> _Work to be completed_: Nothing but the lines below from the one holding "The government extended" up to and including the one holding "#ajmeraxchange #pancardlink #AadharCardLink" should be copied, exactly and without pictures.

> _Dataset extract_:
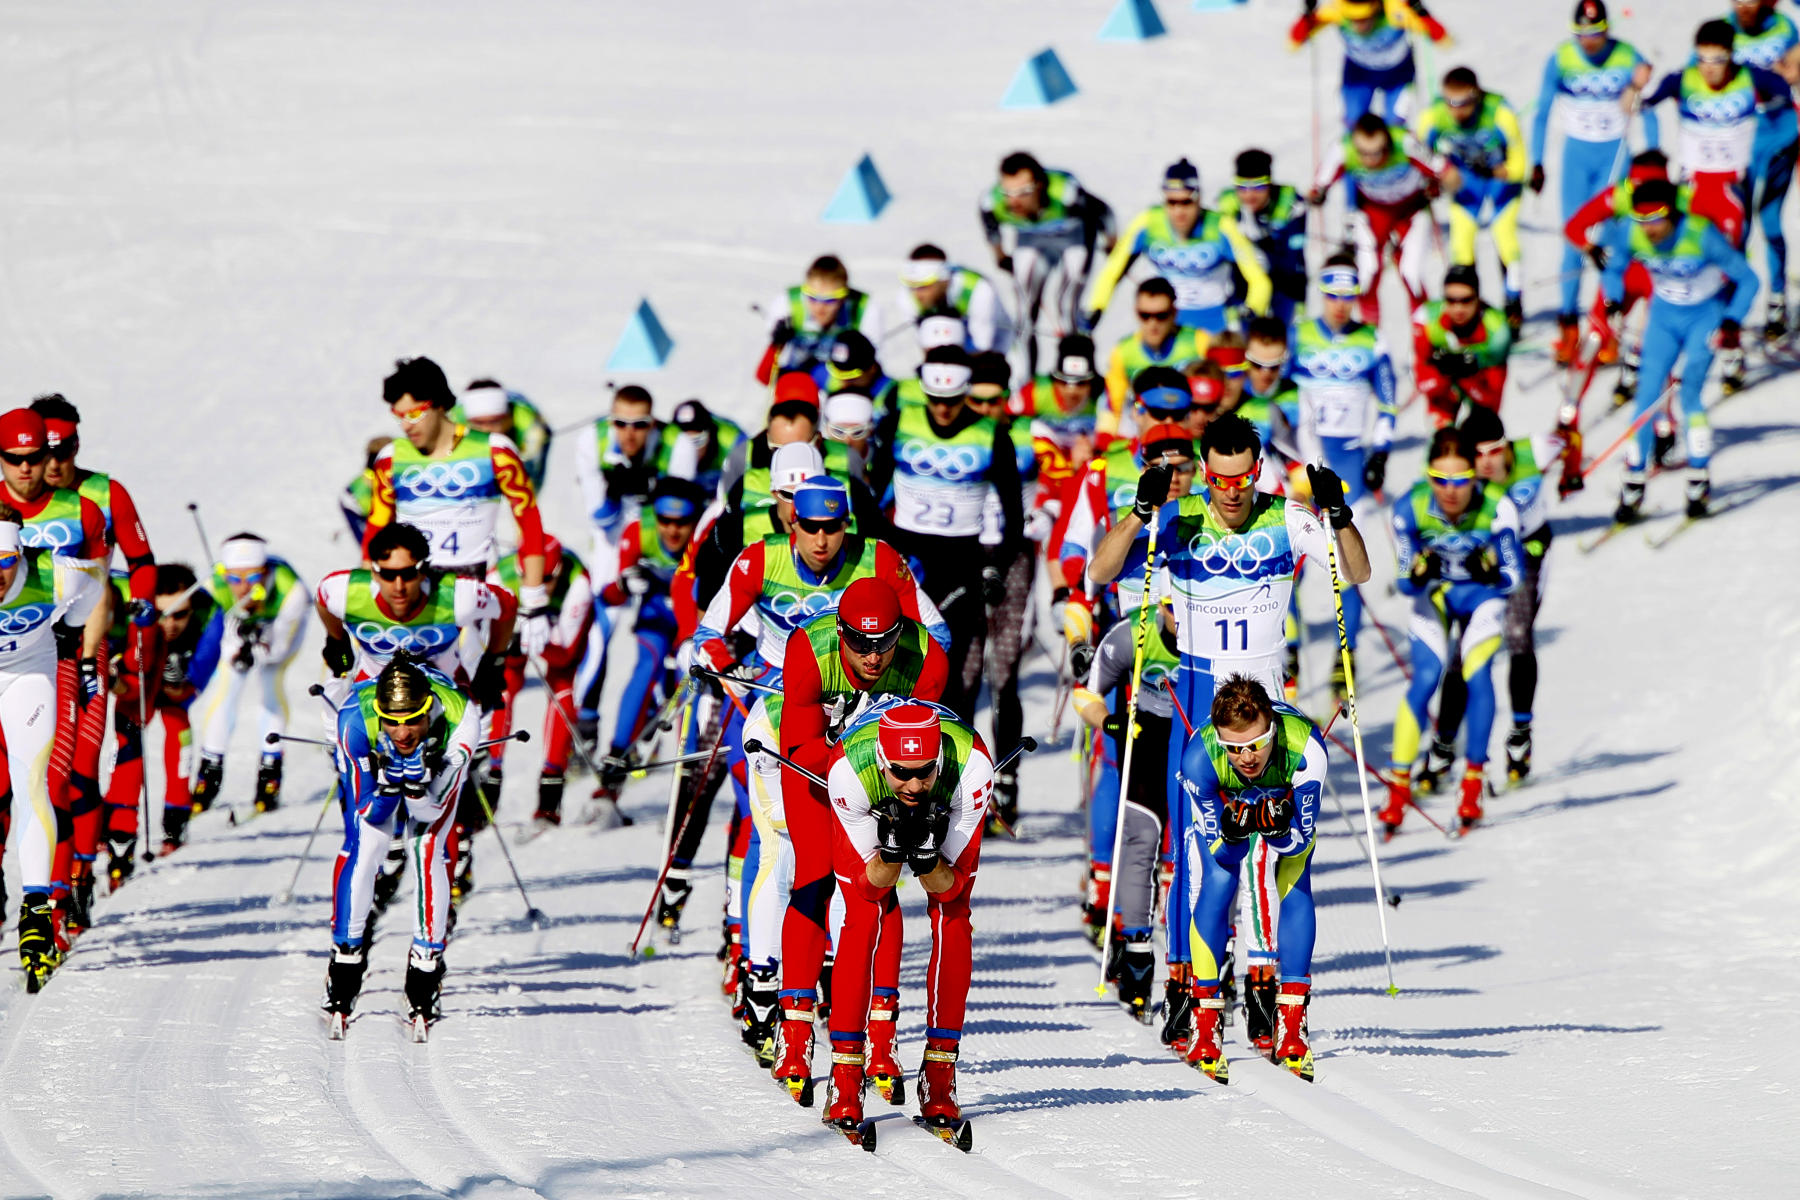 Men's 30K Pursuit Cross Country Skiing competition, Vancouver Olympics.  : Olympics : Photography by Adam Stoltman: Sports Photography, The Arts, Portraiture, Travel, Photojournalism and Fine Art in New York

==

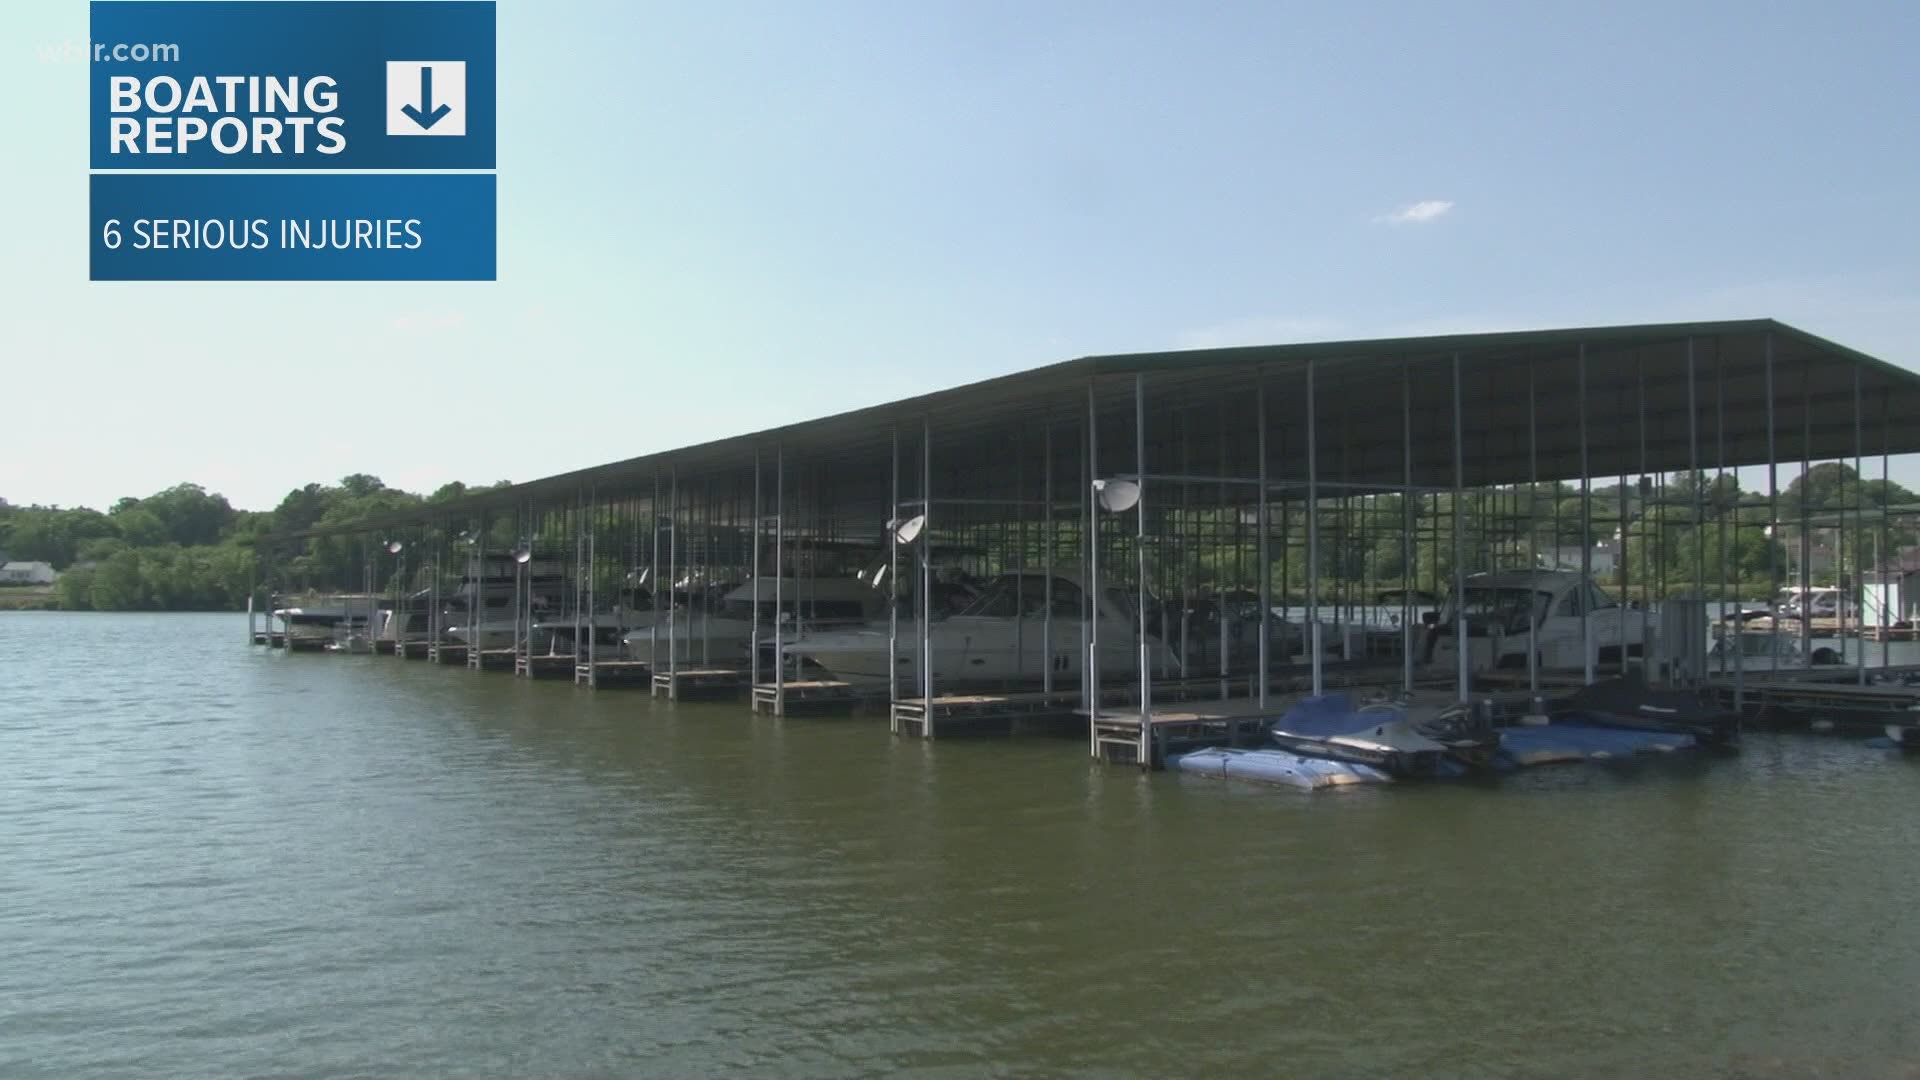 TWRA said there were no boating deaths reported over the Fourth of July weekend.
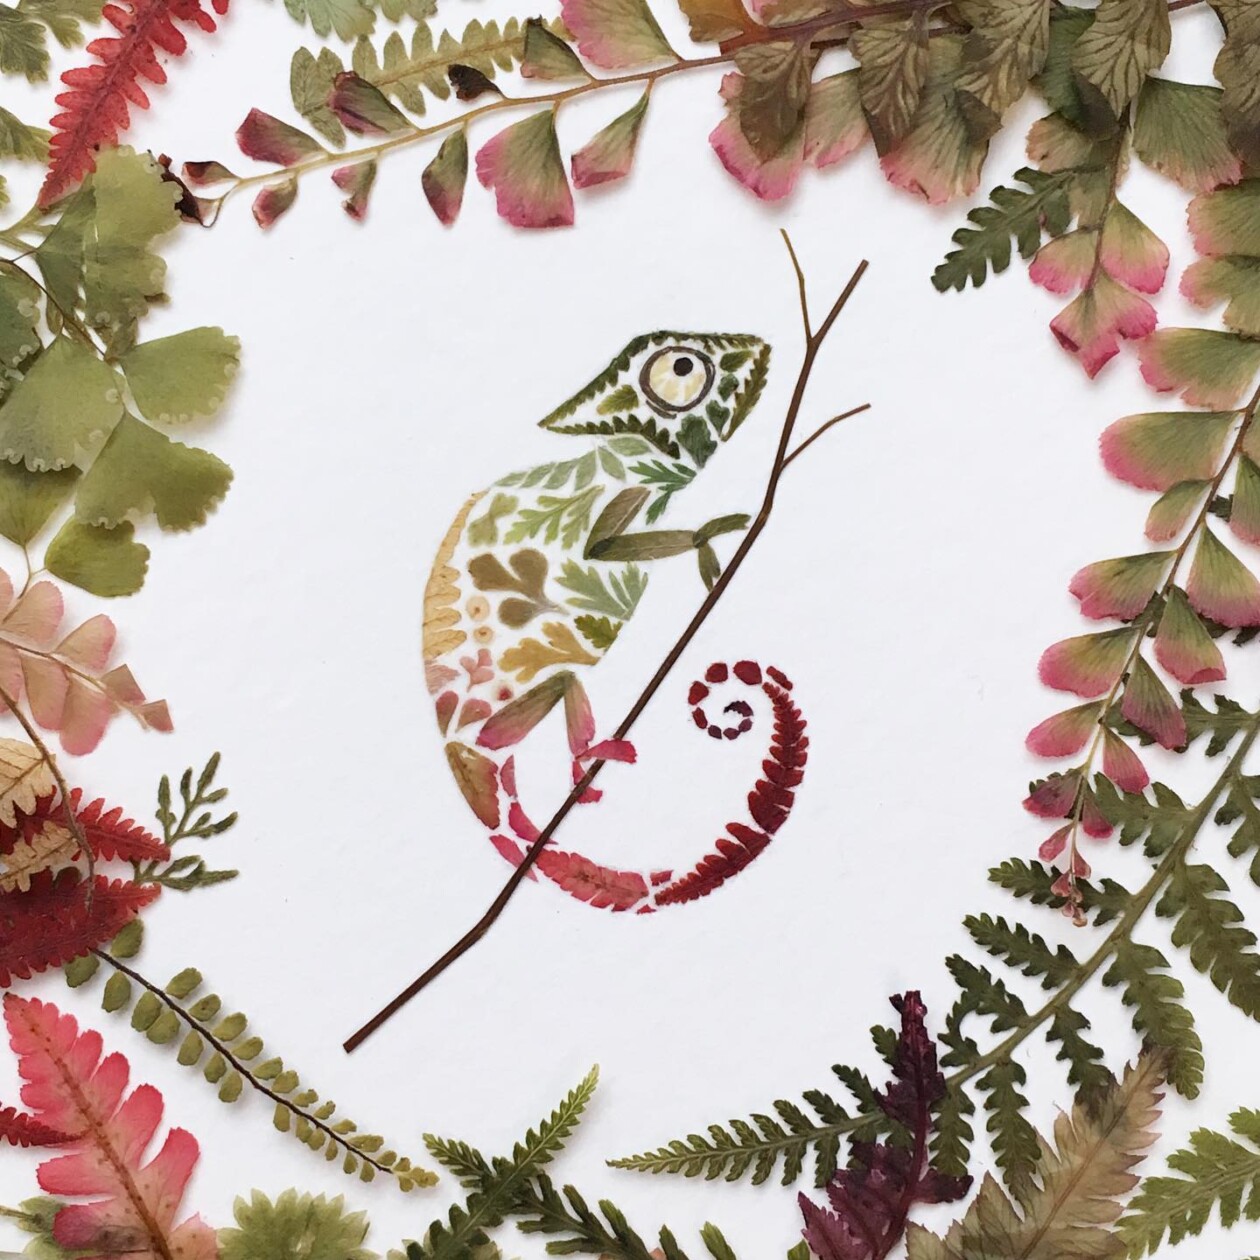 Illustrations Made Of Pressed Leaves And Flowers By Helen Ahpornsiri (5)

---

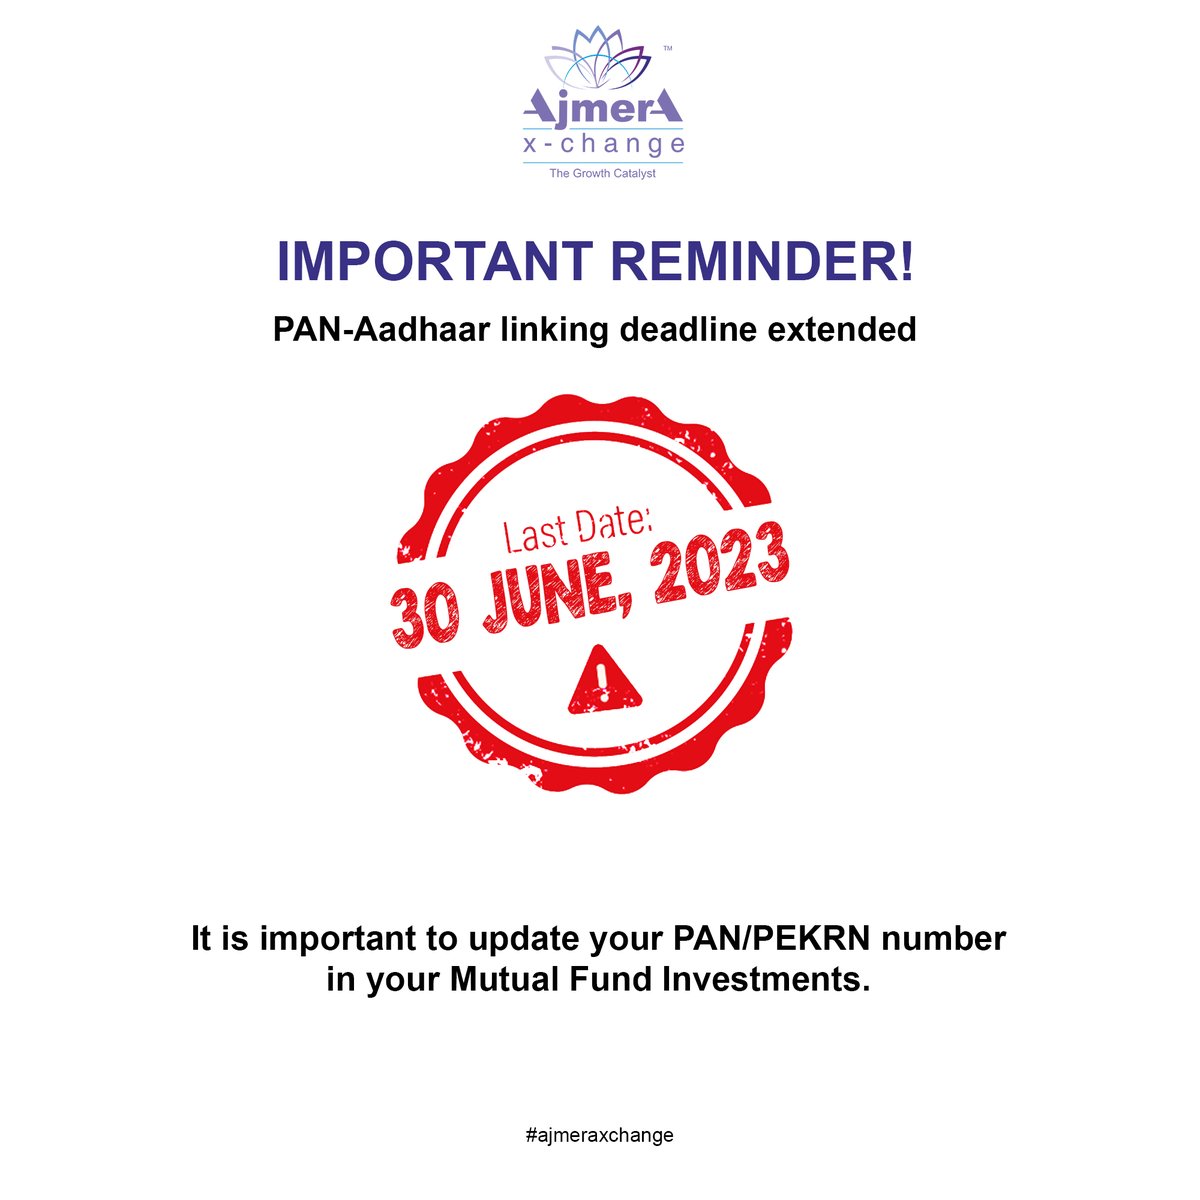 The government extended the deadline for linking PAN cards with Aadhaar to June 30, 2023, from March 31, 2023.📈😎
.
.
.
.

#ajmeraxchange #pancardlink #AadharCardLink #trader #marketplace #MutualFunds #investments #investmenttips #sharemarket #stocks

> _Solved problem_:
 The government extended the deadline for linking PAN cards with Aadhaar to June 30, 2023, from March 31, 2023.📈😎
.
.
.
.

#ajmeraxchange #pancardlink #AadharCardLink #trader #marketplace #MutualFunds #investments #investmenttips #sharemarket #stocks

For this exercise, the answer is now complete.